Prof. Wayne Flynt, Auburn UniversityRetired professor Wayne Flynt of Auburn University, himself a Pulitzer Prize nominee, disputes the theory. He has told NPR News that Capote, in a 1959 letter to his aunt, stated he had seen Lee’s novel and liked it very much. Moreover, nowhere in that letter does the author of “In Cold Blood,” (the book for which Harper Lee contributed considerable research, by the way) claim any involvement with Lee’s book … though Capote almost certainly was sufficiently gifted to have assumed her writing style if he so chose.
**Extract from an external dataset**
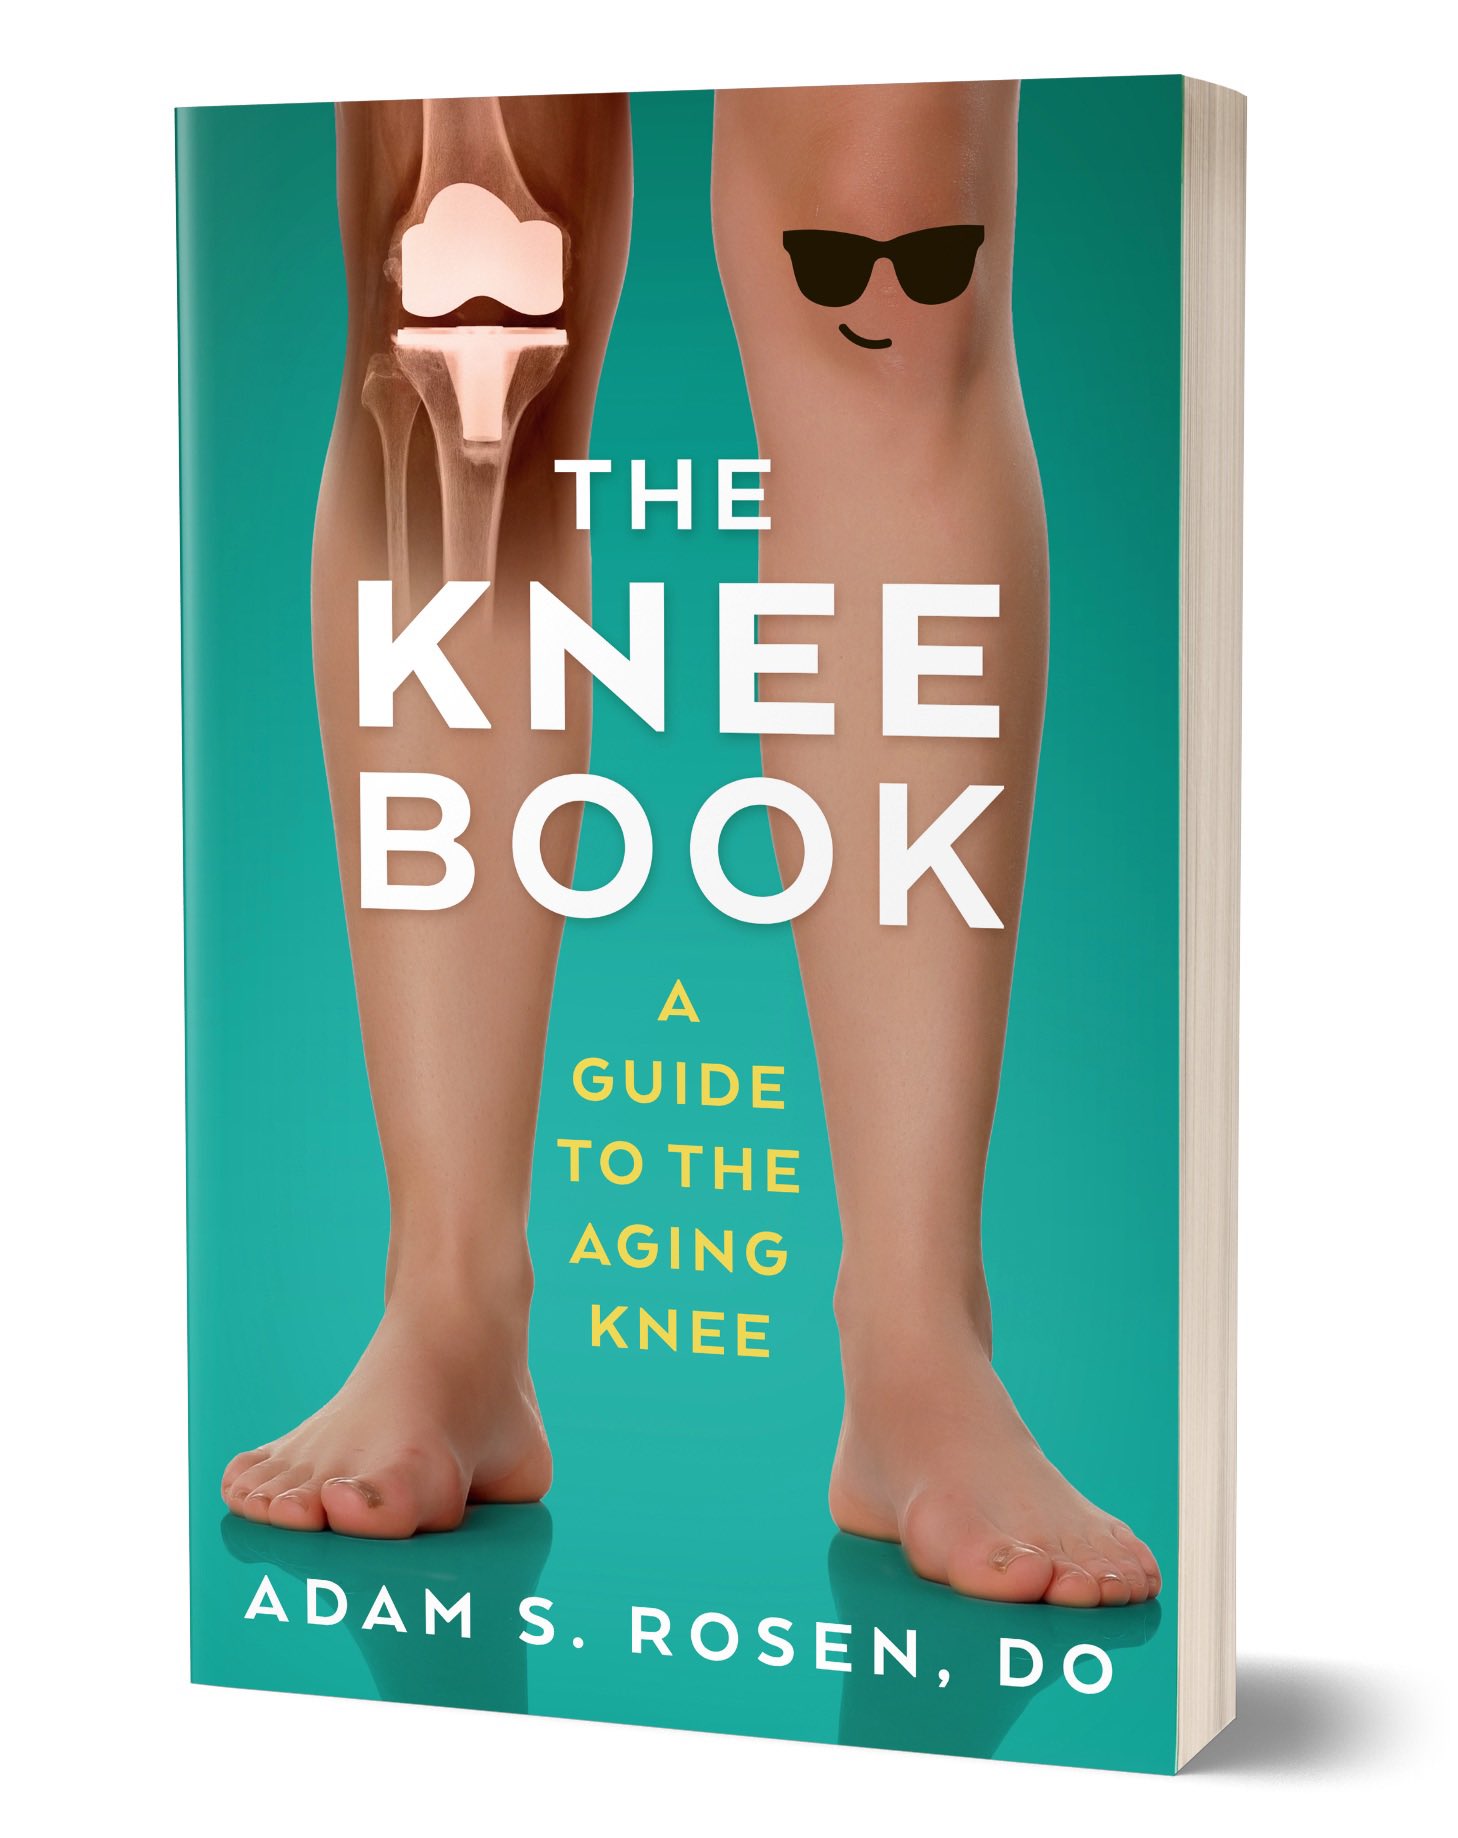 Tips From Author of The Knee Book: A Guide to the Aging Knee (Part 2/2)

Obviously, many principals in this 50-year-old sequence of events have died, retired, or been replaced in their business functions—as in the case of attorney Alice Finch Lee who was supplanted by Tonja Carter. For these reasons, and because author Harper Lee is such a private person (oddly, she has steadfastly refused to speak whenever publicly feted), resolution of any skepticism surrounding Lee and her Pulitzer will likely be left to language scholars. They, rather than historians, are probably better equipped to investigate and analyze the matter.

Lee’s reticence is a key reason why the sudden appearance of “Go Set a Watchman” is considered such a tantalizing development in literary circles.

In any event, and in many ways, the mystery that has grown up around the iconic “…Mockingbird” and now “…Watchman,” is becoming as interesting as anything Lee or Capote (or the unlikely duo in concert) could have composed for our collective edification.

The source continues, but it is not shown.